## [WHAT IS REQUIRED]
Repeat only the lines below from the one that contains "Wedding ring on" through the final line, exactly. Omit pictures.

## [COLLECTED DATA]
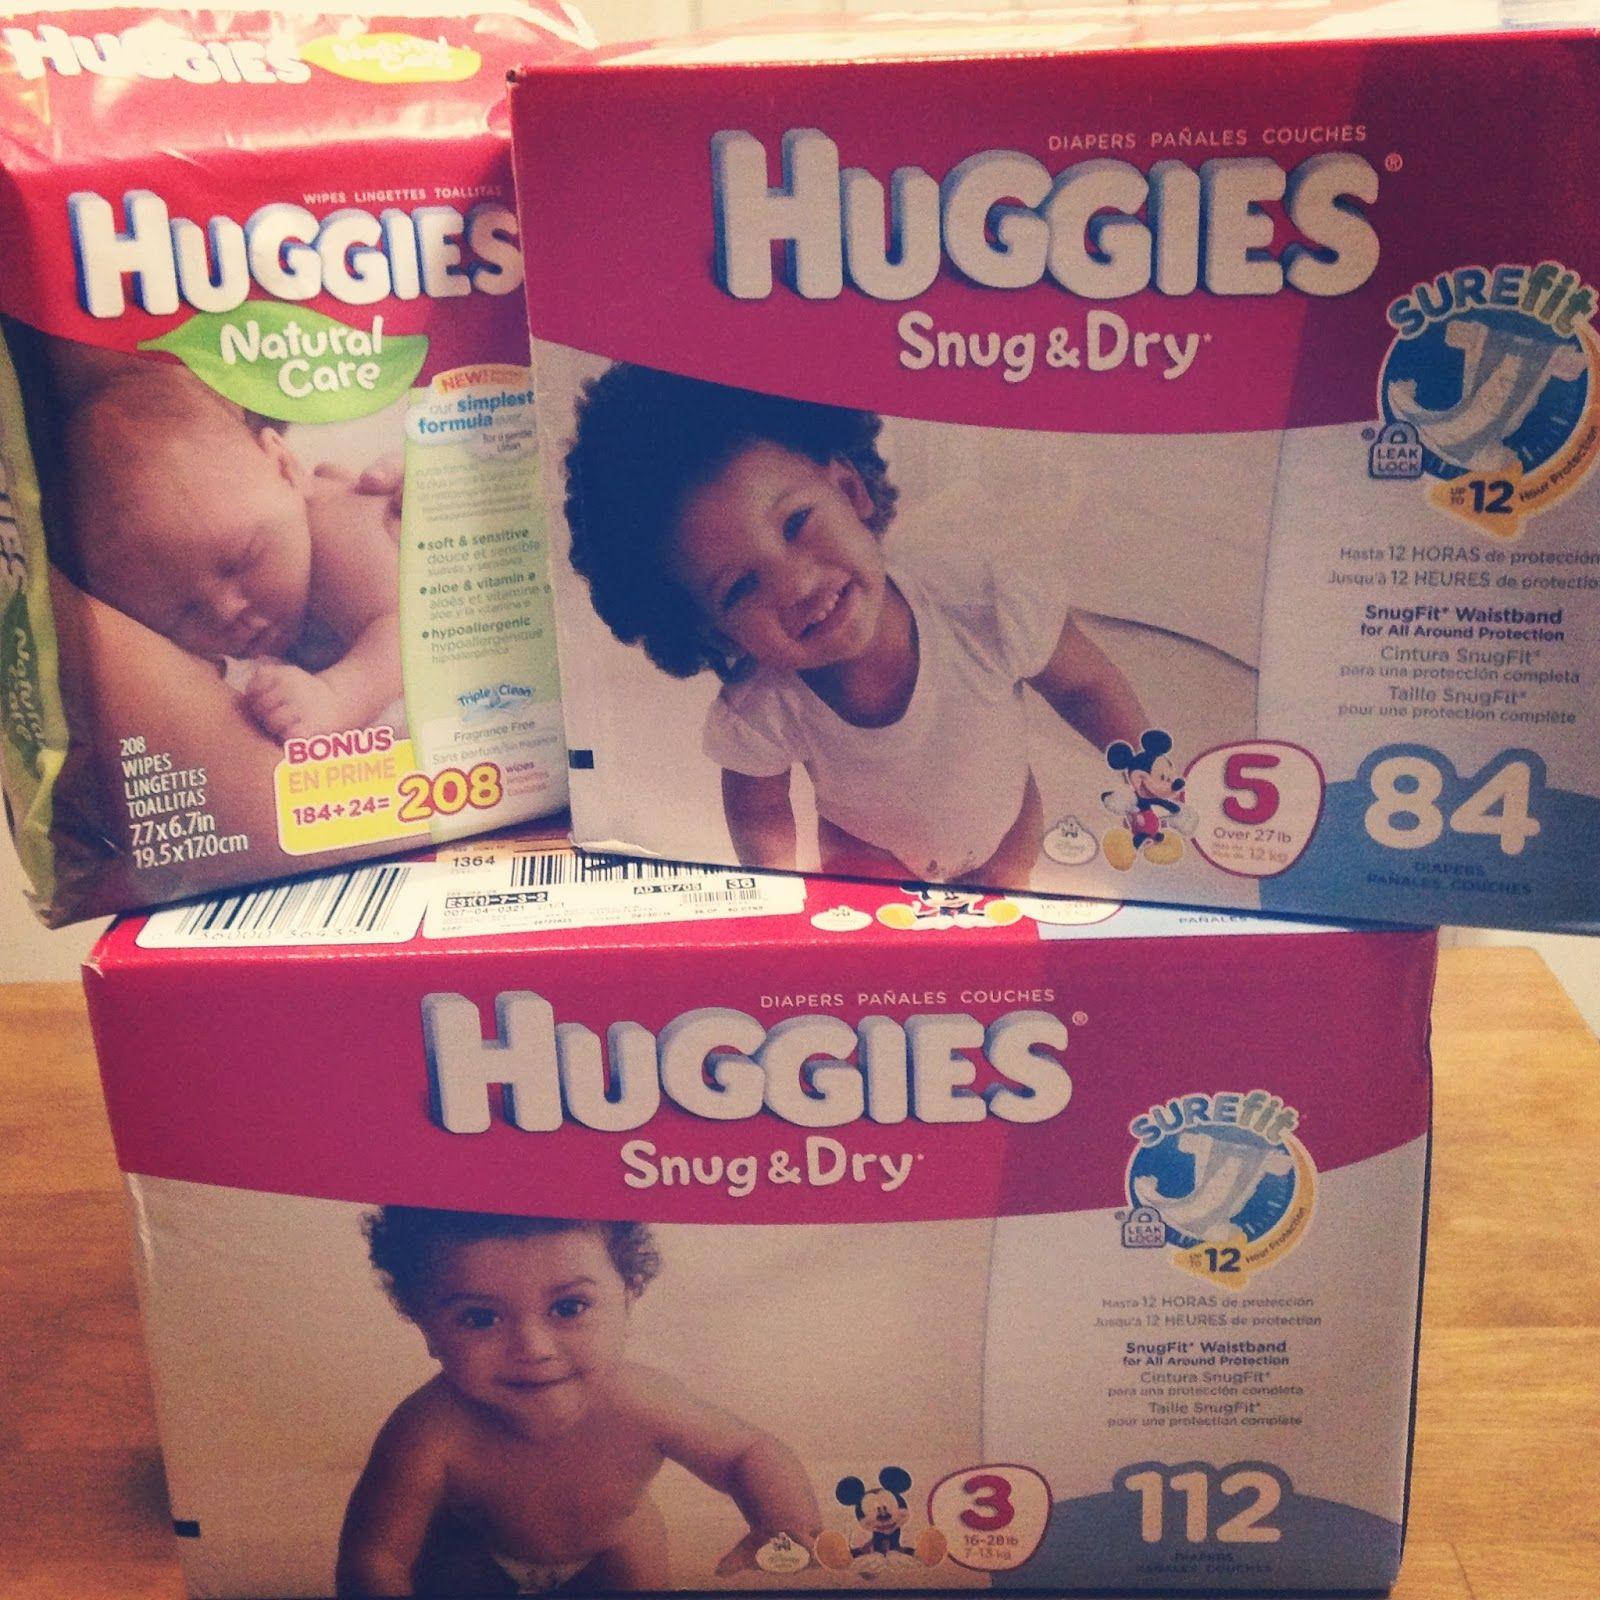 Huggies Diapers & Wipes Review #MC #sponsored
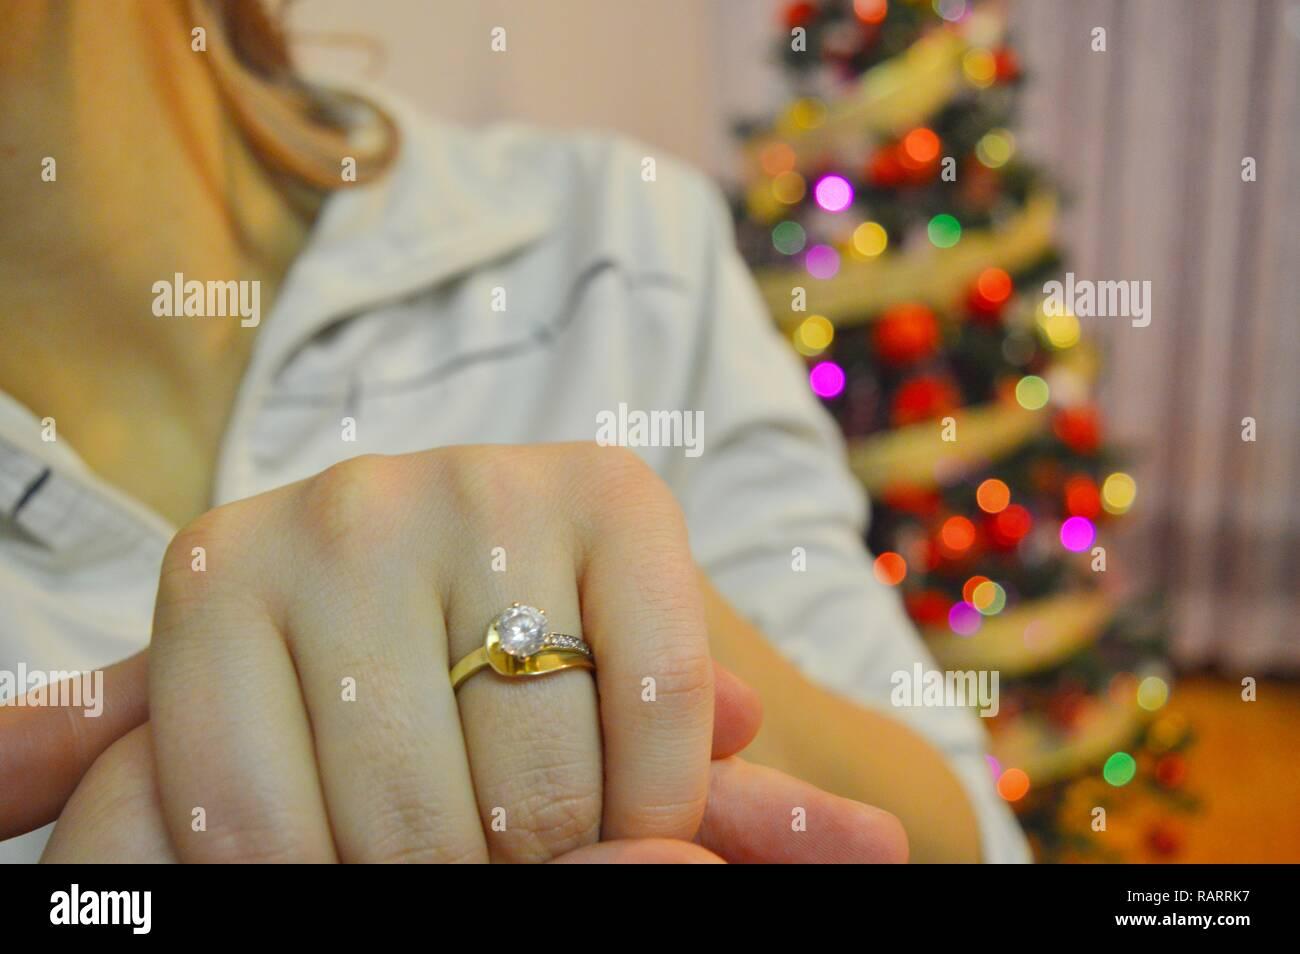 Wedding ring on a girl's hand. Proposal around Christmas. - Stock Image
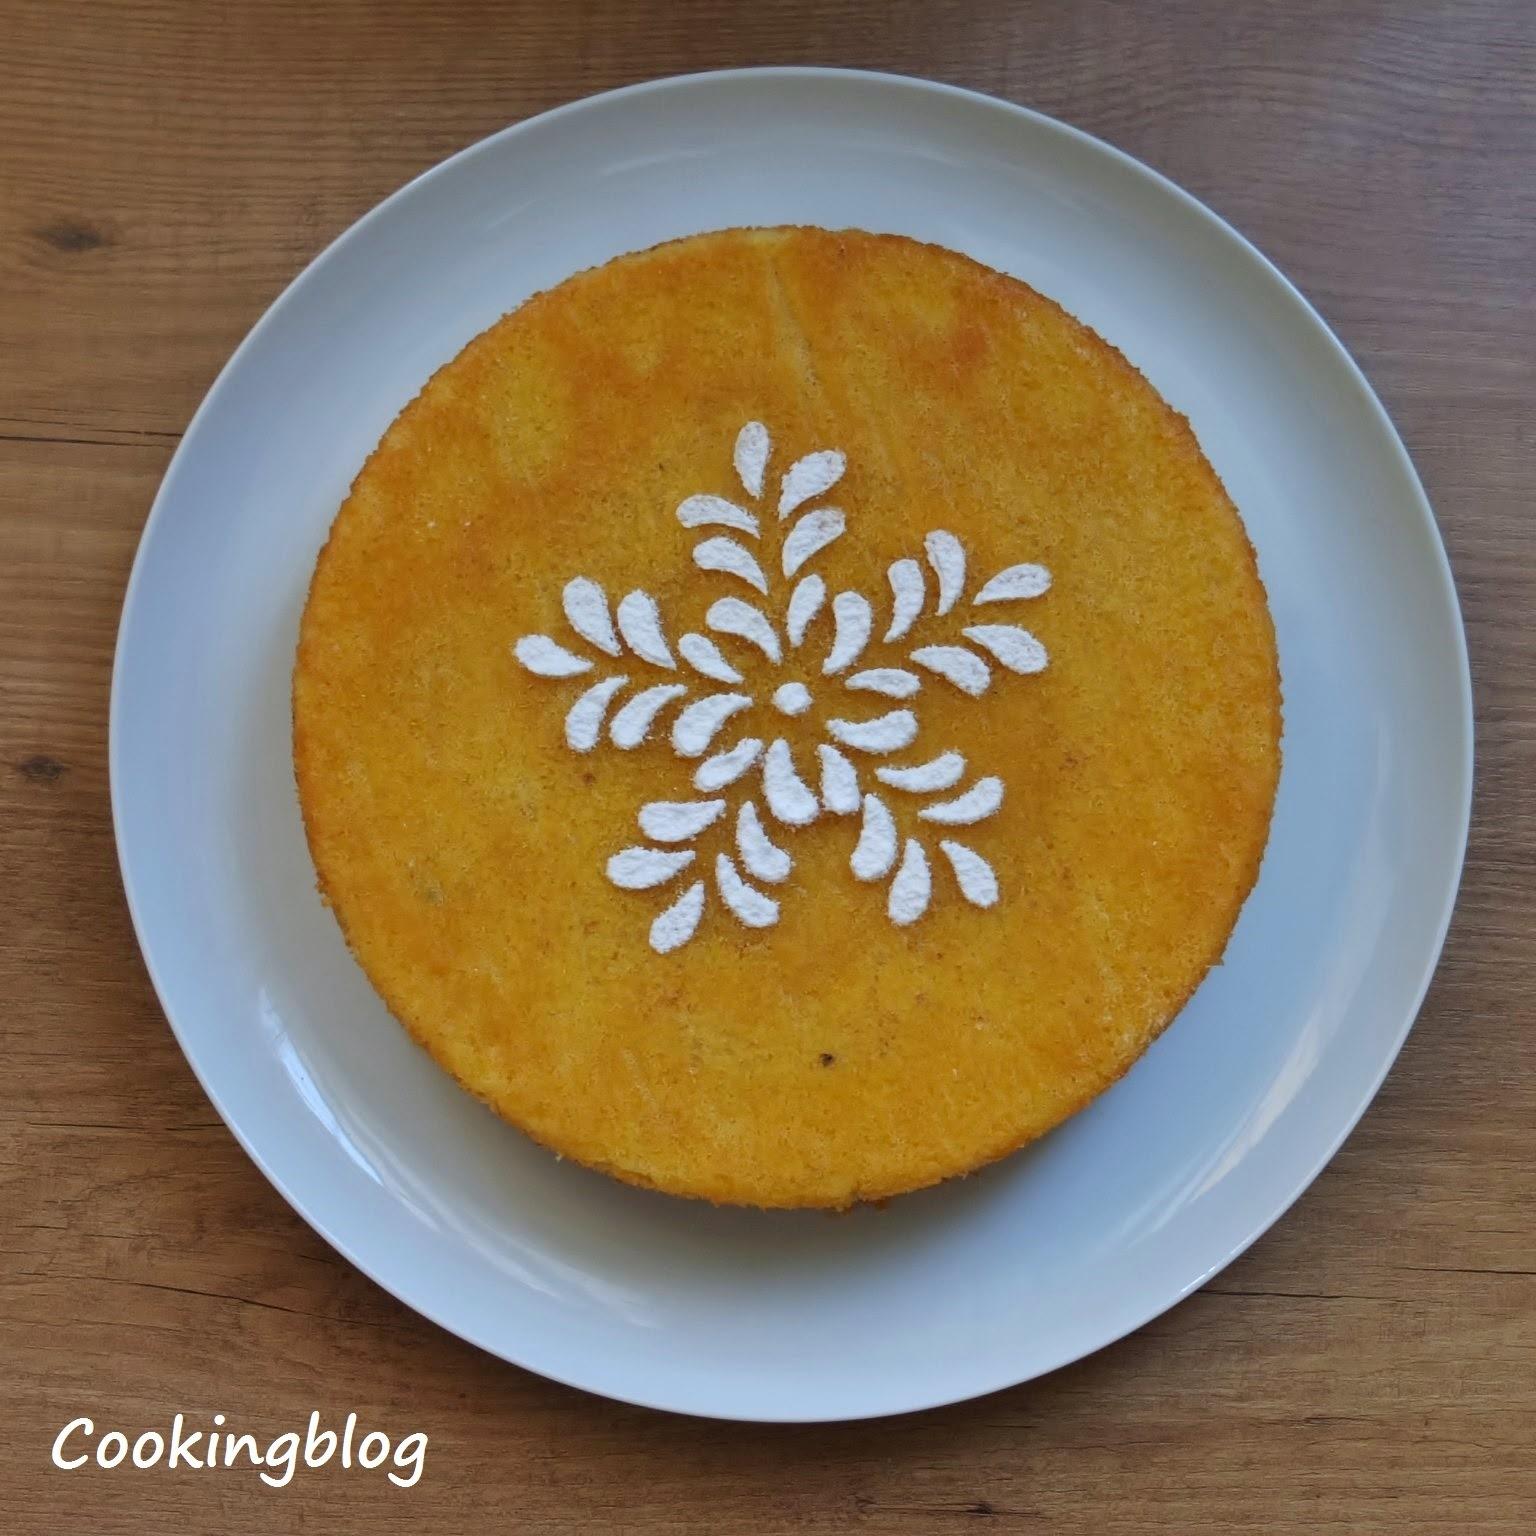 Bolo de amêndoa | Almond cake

## [SOLUTION FOR THIS EXERCISE]
 Wedding ring on a girl's hand. Proposal around Christmas. - Stock Image
 Bolo de amêndoa | Almond cake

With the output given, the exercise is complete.